Casal di Principe (CE): Al vescovo Angelo Spinillo il premio don Diana per la legalità





































Monsignor Angelo Spinillo, vescovo della diocesi di Aversa, insignito del Premio nazionale don Giuseppe Diana.

L’importante riconoscimento gli é stato assegnato “per aver saputo, fin dai primi istanti della sua missione, essere da guida e aver orientato percorsi di crescita cristiana”. La consegna del premio é avvenuta venerdì scorso a Casal di Principe, nel casertano, nel giorno in cui il prete anticamorra, ucciso da 5 colpi di pistola il 19 marzo 1994, avrebbe compiuto 56 anni.
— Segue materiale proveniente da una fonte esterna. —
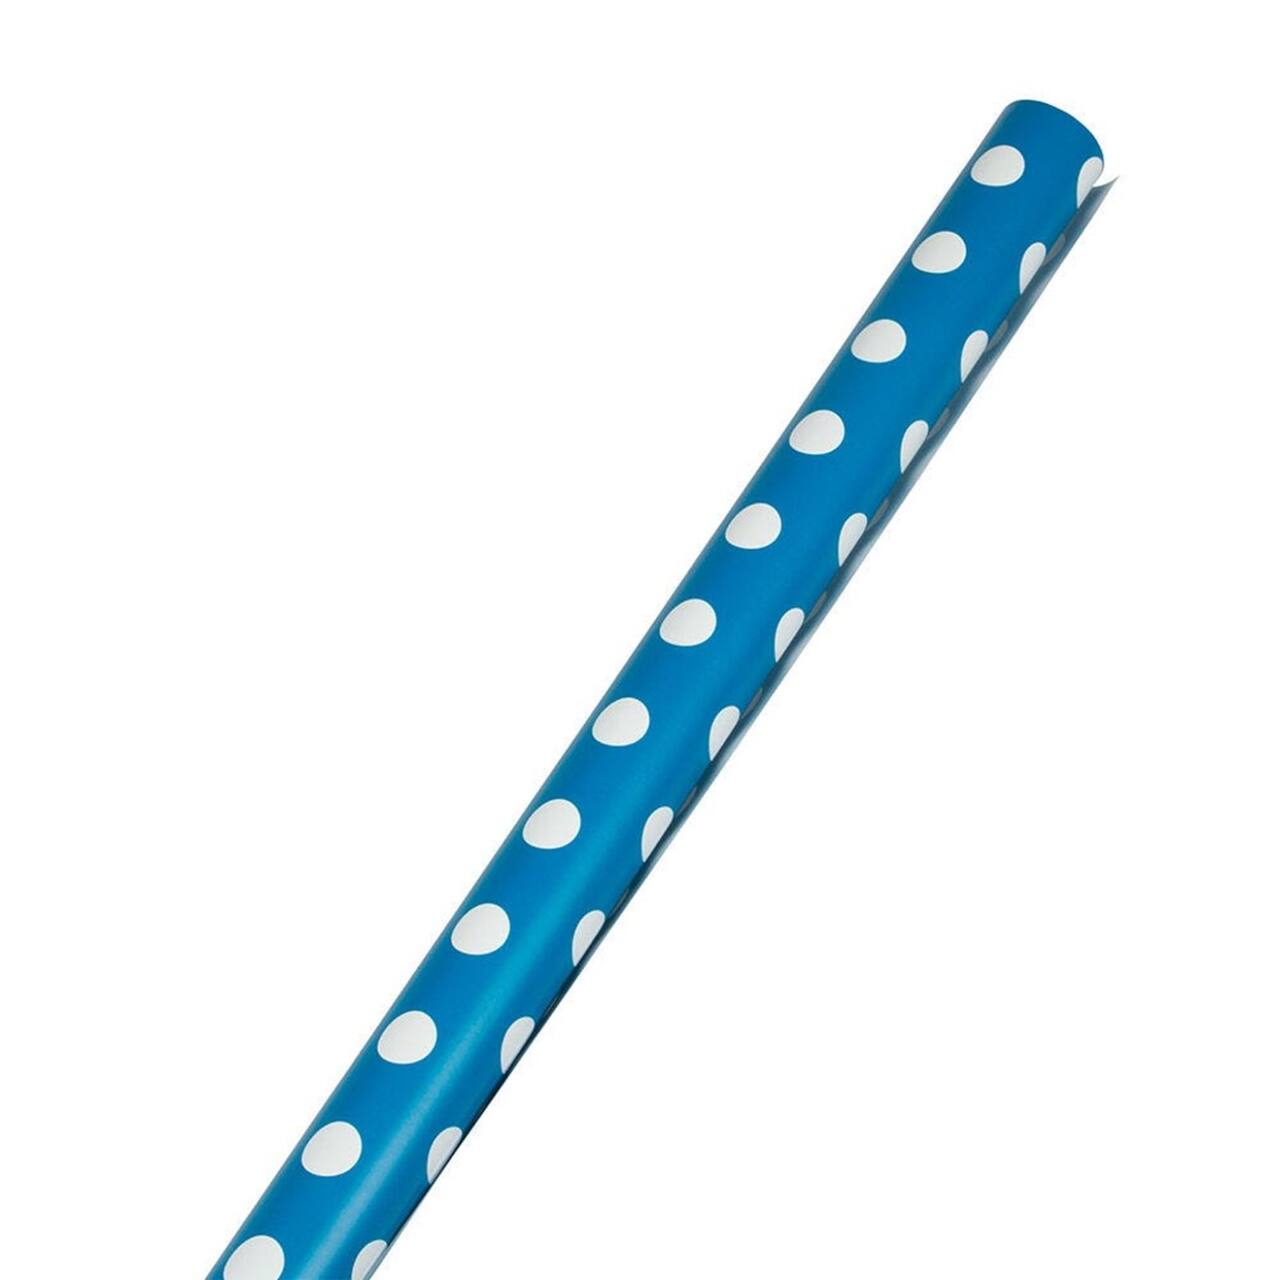 JAM Paper Wrapping Paper with White Polka Dots, 3ct.

Il già vescovo della diocesi di Teggiano-Policastro, che aveva duramente condannato la camorra paragonando gli affiliati alla criminalità organizzata a Giuda, coniuga impegno civile e quello religioso, a favore della legalità. “Ha parlato con la spinillo dondiana33gente e tra la gente – si legge nella motivazione del premio a Spinillo – senza mai rifiutarsi di riflettere e di porre domande”.  Nell’ambito del Festival dell’Impegno civile, che ha come location i beni confiscati sul territorio campano e che si svolge in maniera itinerante, premiati anche il procuratore nazionale antimafia Franco Roberti ed il professor Sergio Tanzarella, della Pontificia Università Gregoriana. Menzione speciale al direttore di Avvenire Marco Tarquinio e all’ex ministro per i beni culturali Massimo Bray.








Il premio, i cui vincitori erano già stati annunciati lo scorso marzo, raffigura il monumento a forma di vela dedicato a don Diana presente nel parco di Casal di Principe.